Spiking input-output relation for general biophysical neuron models (1207.6251v4)

Abstract: Cortical neurons include many sub-cellular processes, operating at multiple timescales, which may affect their response to stimulation through non-linear and stochastic interaction with ion channels and ionic concentrations. Since new processes are constantly being discovered, biophysical neuron models increasingly become "too complex to be useful" yet "too simple to be realistic". A fundamental open question in theoretical neuroscience pertains to how this deadlock may be resolved. In order to tackle this problem, we first define the notion of a "excitable neuron model". Then we analytically derive the input-output relation of such neuronal models, relating input spike trains to output spikes based on known biophysical properties. Thus we obtain closed-form expressions for the mean firing rates, all second order statistics (input-state-output correlation and spectra) and construct optimal linear estimators for the neuronal response and internal state.

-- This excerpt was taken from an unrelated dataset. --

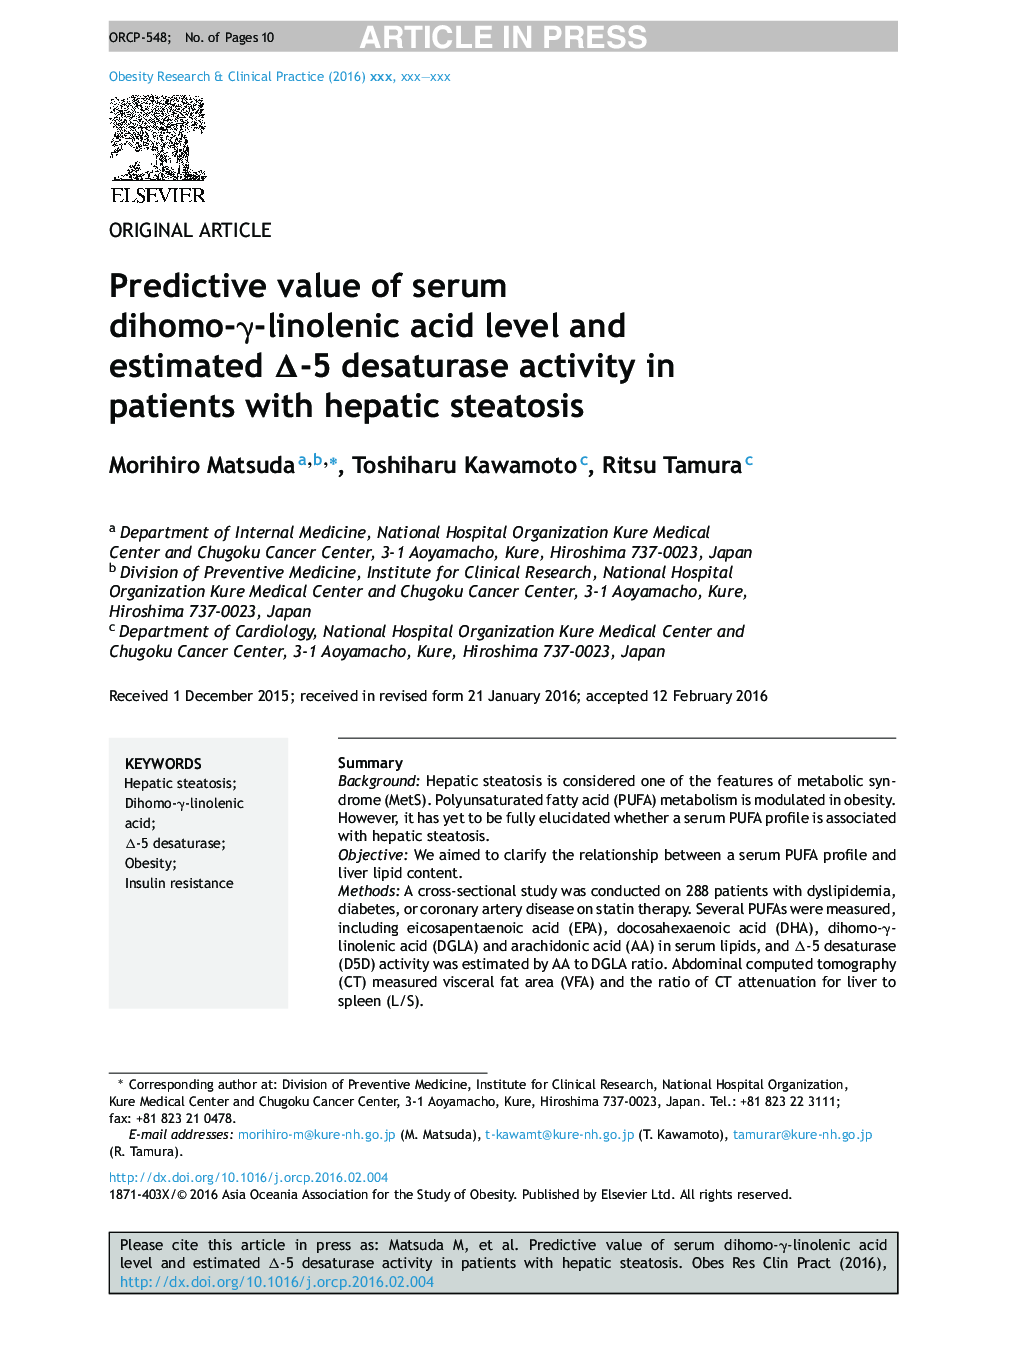 Predictive value of serum dihomo-Î³-linolenic acid level and estimated Î-5 desaturase activity in patients with hepatic steatosis

These results are guaranteed to hold, given a few generic assumptions, for any stochastic biophysical neuron model (with an arbitrary number of slow kinetic processes) under general sparse stimulation. This solution suggests that the common simplifying approach that ignores much of the complexity of the neuron might actually be unnecessary and even deleterious in some cases. Specifically, the stochasticity of ion channels and the temporal sparseness of inputs is exactly what rendered our analysis tractable, allowing us to incorporate slow kinetics.